» **Problem requirements**
Could you please output only the lines from the one holding "Cottage Core Be" through the end of the listing below, exactly as written and without pictures?

» **Recorded information**
+++
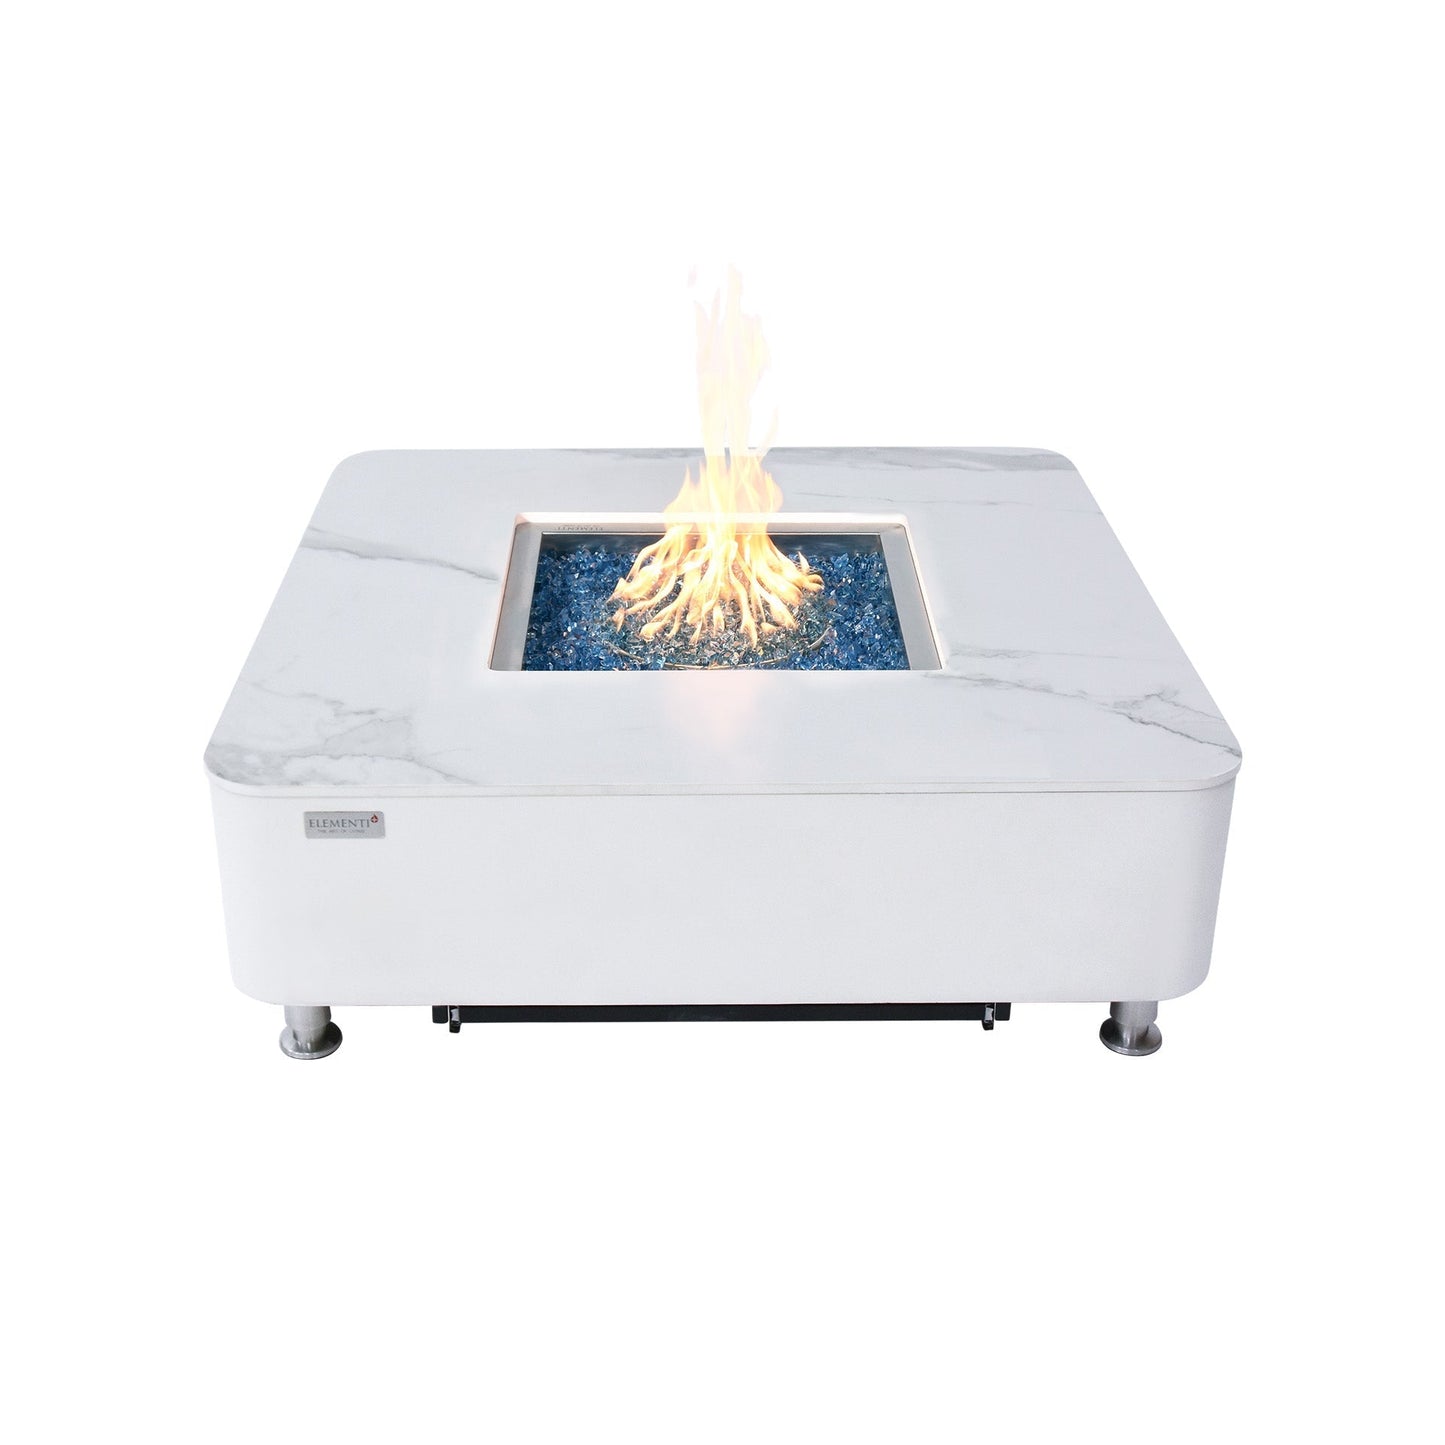 Elementi Plus Annecy 42" Bianco White Natural Gas Marble Porcelain Fire Table
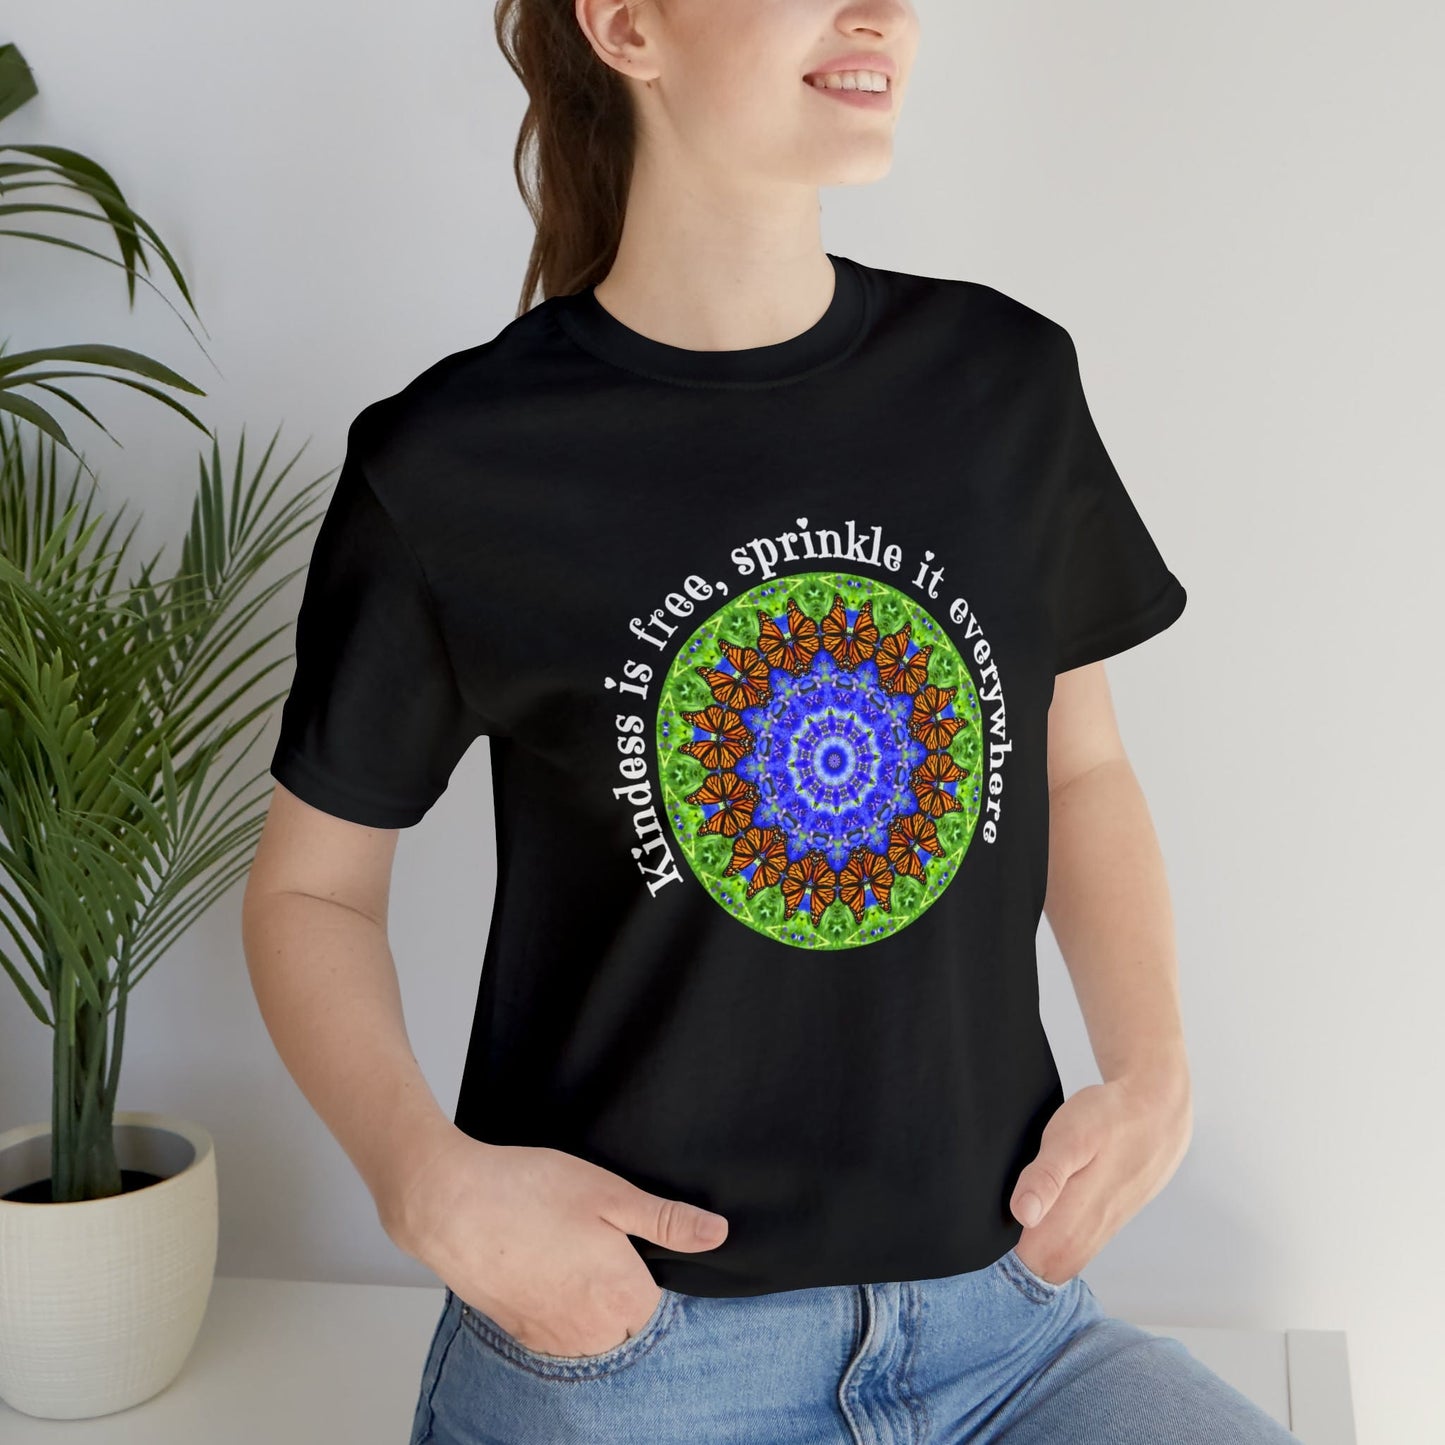 Cottage Core Be Kind Butterfly Shirt featuring Stunning Mandala Art - Graphic Tees for Nature Lovers Black
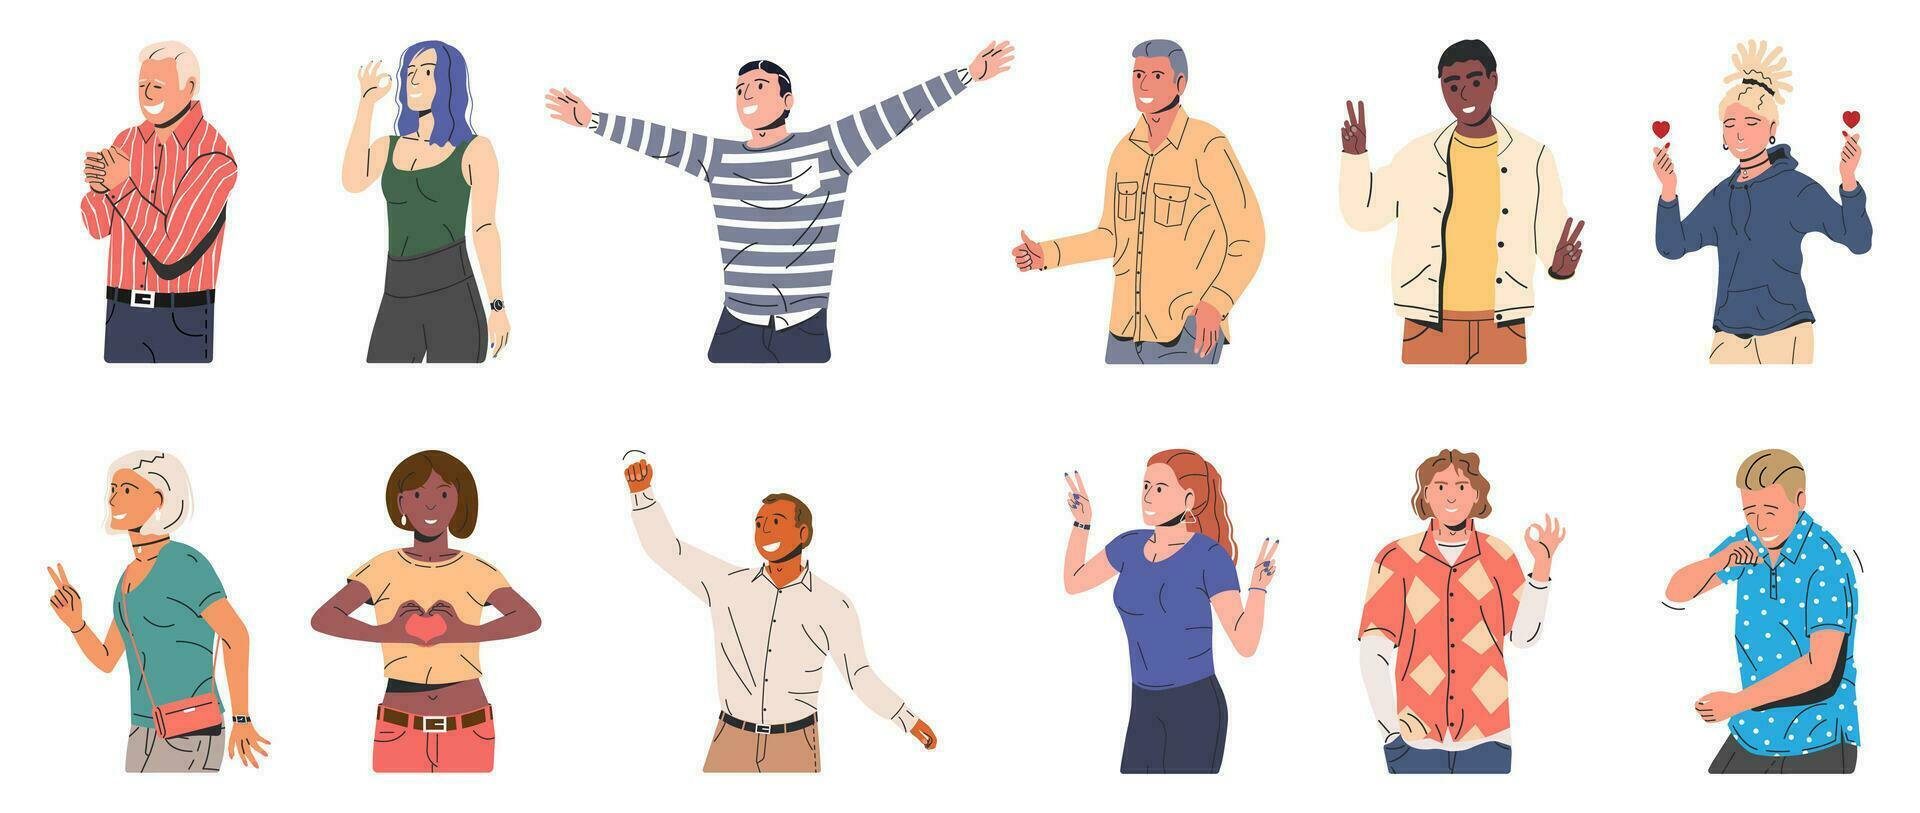 Set of Happiness Emotions Symbols. Various People Showing Positive Body Language Gestures. Woman and Man Show Victory, Heart, Love and Thumb Up Symbols. Happy People. Cartoon Flat Vector Illustration
+++
» **Answer box**
 Cottage Core Be Kind Butterfly Shirt featuring Stunning Mandala Art - Graphic Tees for Nature Lovers Black
 Set of Happiness Emotions Symbols. Various People Showing Positive Body Language Gestures. Woman and Man Show Victory, Heart, Love and Thumb Up Symbols. Happy People. Cartoon Flat Vector Illustration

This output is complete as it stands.